William G. Murray writes: I would be very interested in your method of calculation.

I use a rudimentary excel spreadsheet, since I haven't actually taken the time to learn how to do the things right. Most of the time I still use pencil and paper to map things out.

The formula in McMillan is correct, but only for European Style options.

Gibson in OPTION VALUATION Analyzing and Pricing Standardized Option Contracts uses the expression to provide a lower bound to the price of the put option. Thus, using McMillan's terminology, with 0 dividends

theoretical call price + strike price - stock price >=

theoretical put price >=

theoretical call price + Present value of the strike price - stock price

I substitute the actual call price for the option.

Thus if we have 5 variables, Stock Price A1, Strike Price A2, Rate A3, Days A4, Call Price A5 then Upper Limit = A5 + A2 - A1 and Lower Limit = A5 - A2 * PV(A3*A4/365,1,0,1,1) - B1

The sign in front of B2 is negative because the PV function returns a - value for outgoing funds.

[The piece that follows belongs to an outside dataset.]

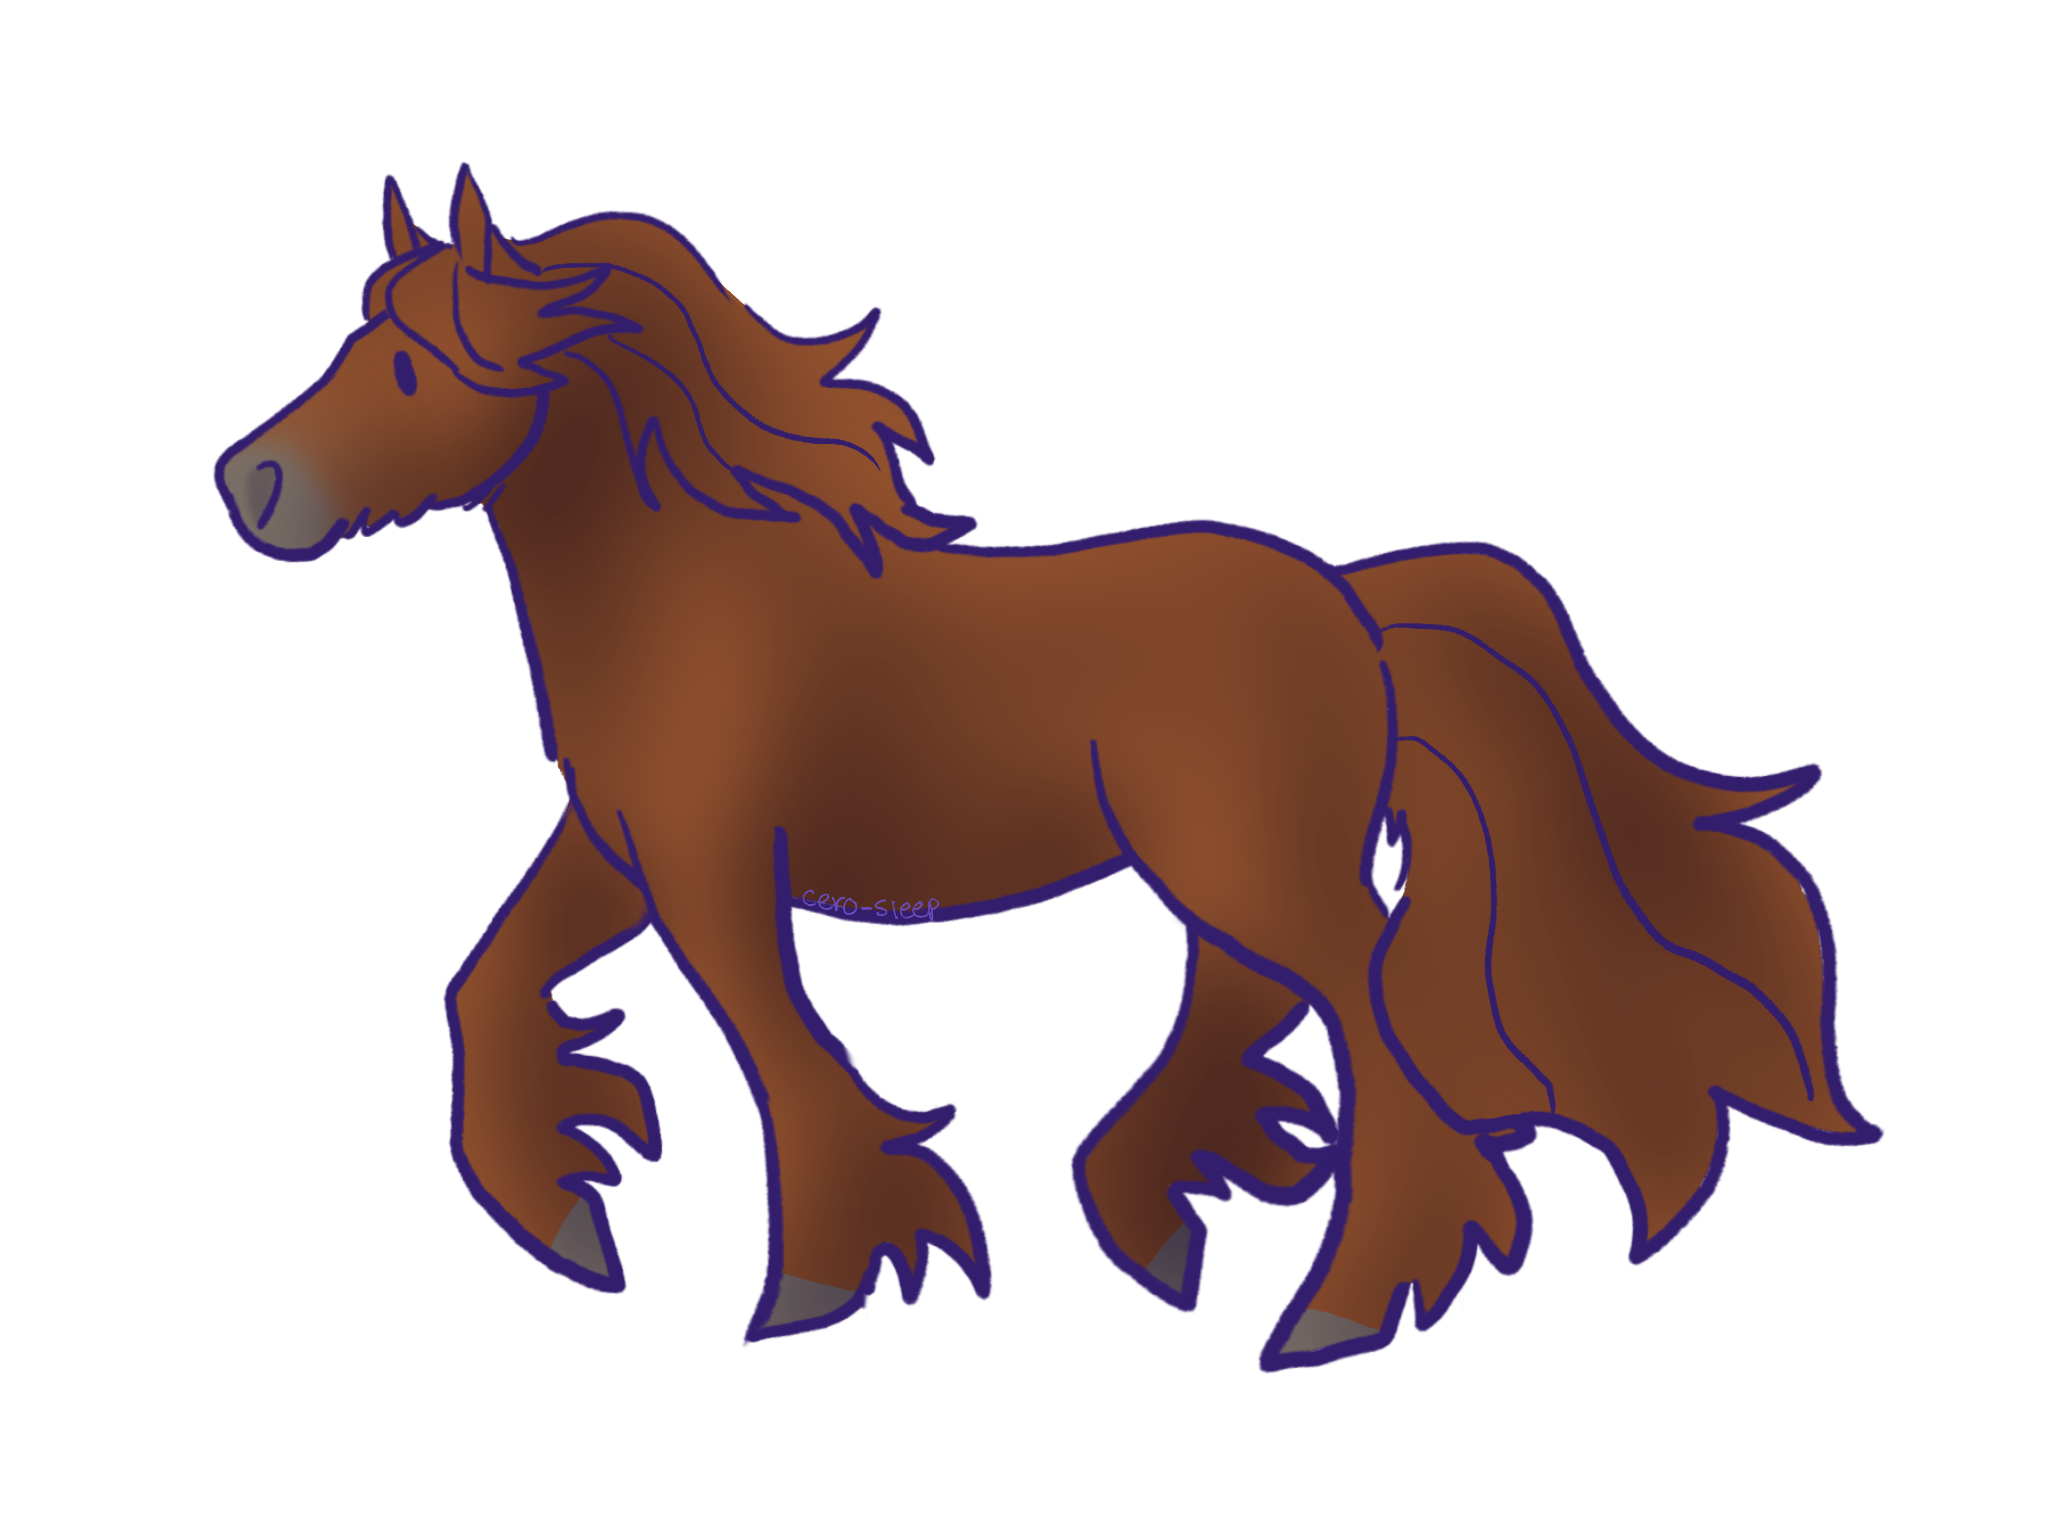 Dibujo de un caballo alazán trotando.

I suppose I should compute limits using both bid and ask. Sometimes I check, usually I just look if the price seems off to me.

I don't have any good tools yet; I'm still investigating them. Several of the things I've looked at just don't make sense. I saw one tool which would let you change the volatility from 1 to 100 and it never changed the price of the option.

I have Omega Research's QuickOptions product which comes with super charts, I'm planning on looking at PC Quotes TurboOptions feature.

I've seen a few others, but most of them seem to rely fairly heavily on the Black-Scholes Model, ignoring entirely the fact that the model only applies to european style options.